Optimizing data reductions with NDArrays¶

Blosc2 leverages the power of NumPy to perform operations efficiently (with minimal memory footprint and execution time) on compressed multidimensional arrays. By compressing data with Blosc2, it is possible to reduce the memory and storage space required to store large datasets, while maintaining fast access times. This is especially beneficial for systems with memory constraints, as it allows for faster data access and manipulation.

In this tutorial, we will explore how Python-Blosc2 can efficiently perform a special class of particularly costly computations called data reductions (e.g. sum, mean), which are especially common in data science. It does so by leveraging the benefits of the compression-first NDArray object. We’ll also dive into further tuning the performance of these operations by using different chunk shapes, compression levels and codecs. Finally, we will compare the performance of Python-Blosc2 with NumPy.

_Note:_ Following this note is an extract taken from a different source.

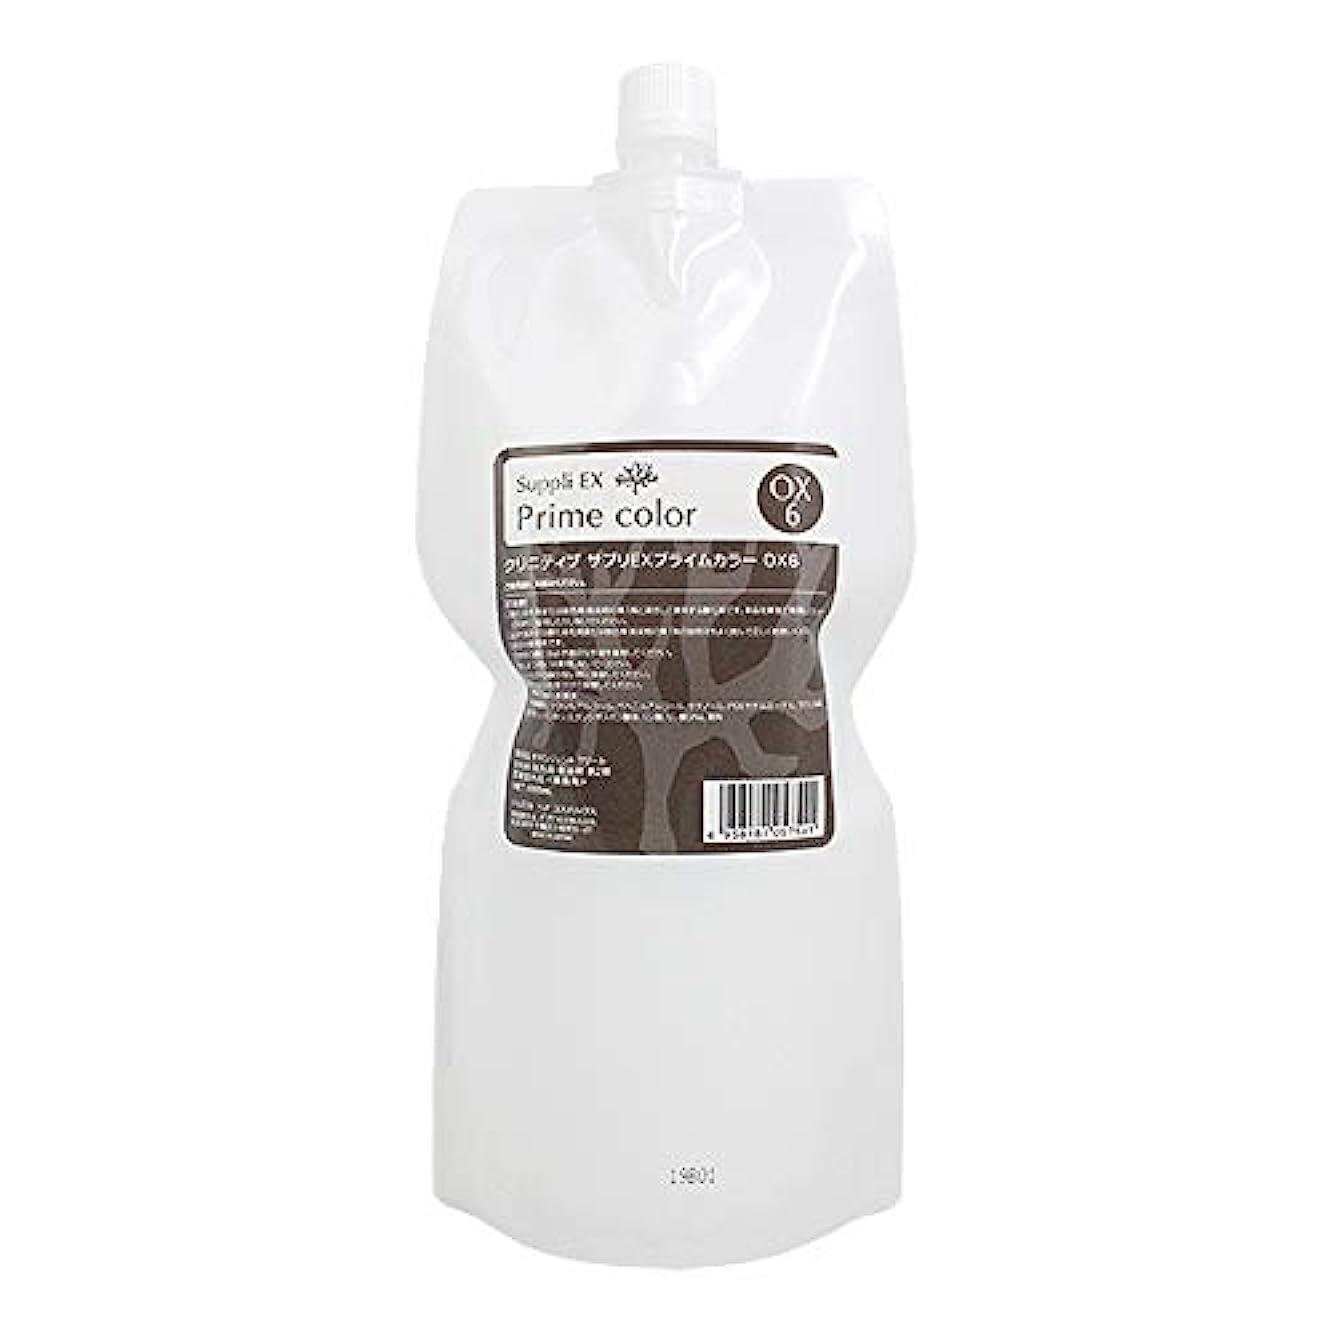 ノーブル燃料呪われたイリヤ化学 クリニティブ サプリEXプライムカラー アテンド(染毛補助クリーム) 300g

Note: This tutorial assumes that you have Python, NumPy, matplotlib and Blosc2 installed on your system. Also, this notebook has been run on a CPU (Intel 13900K) with a relatively large L3 cache (36 MB). As it turns out, performance in Blosc2 is very sensitive to the CPU cache size, and the results may vary on different CPUs.

Creating a test array¶

First, let’s create a 3D array of type float64 with axes (X, Y, Z), each of length 1000. We will perform reductions along the X, Y, and Z axes, comparing Python-Blosc2 performance (with and without compression) against NumPy.

[1]:

from time import time

import matplotlib.pyplot as plt
import numpy as np

import blosc2

[2]:

# Create a 3D array of type float64 (8 GB)
dtype = np.float64
shape = (1000, 1000, 1000)
size = np.prod(shape)
a = np.linspace(0, 1000, num=size, dtype=dtype).reshape(shape)

1) Reductions with NumPy¶

We will start by performing different sum reductions using NumPy - summing along the X, Y, and Z axes (and getting 2D arrays as result) and then summing along all axes (and getting a scalar as result). This will provide a baseline for comparison with Blosc2.

[3]:

axes = ("X", "Y", "Z", "all")
meas_np = {"sum": {}, "time": {}}
for n, axis in enumerate(axes):
    n = n if axis != "all" else None
    t0 = time()
    meas_np["sum"][axis] = np.sum(a, axis=n)
    t = time() - t0
    meas_np["time"][axis] = time() - t0

2) Reductions with Blosc2¶

In order to test reductions in Blosc2, we will need to convert the array to the Blosc2-compatible NDArray type. NDArray arrays are compressed, and we can choose how this compression is done during the NumPy-to-Blosc2 conversion by defining compression parameters: number of threads, compression levels, codecs, and chunk sizes. We will do a grid search over different combinations of these parameters to see how it affects performance. Let’s write a function that runs through the different compression combinations and performs the reductions over the different axes, for a fixed chunk shape (later on we’ll vary the chunk shape too).

[4]:

# Grid search params for Blosc2
clevels = (0, 5)
codecs = (blosc2.Codec.LZ4, blosc2.Codec.ZSTD)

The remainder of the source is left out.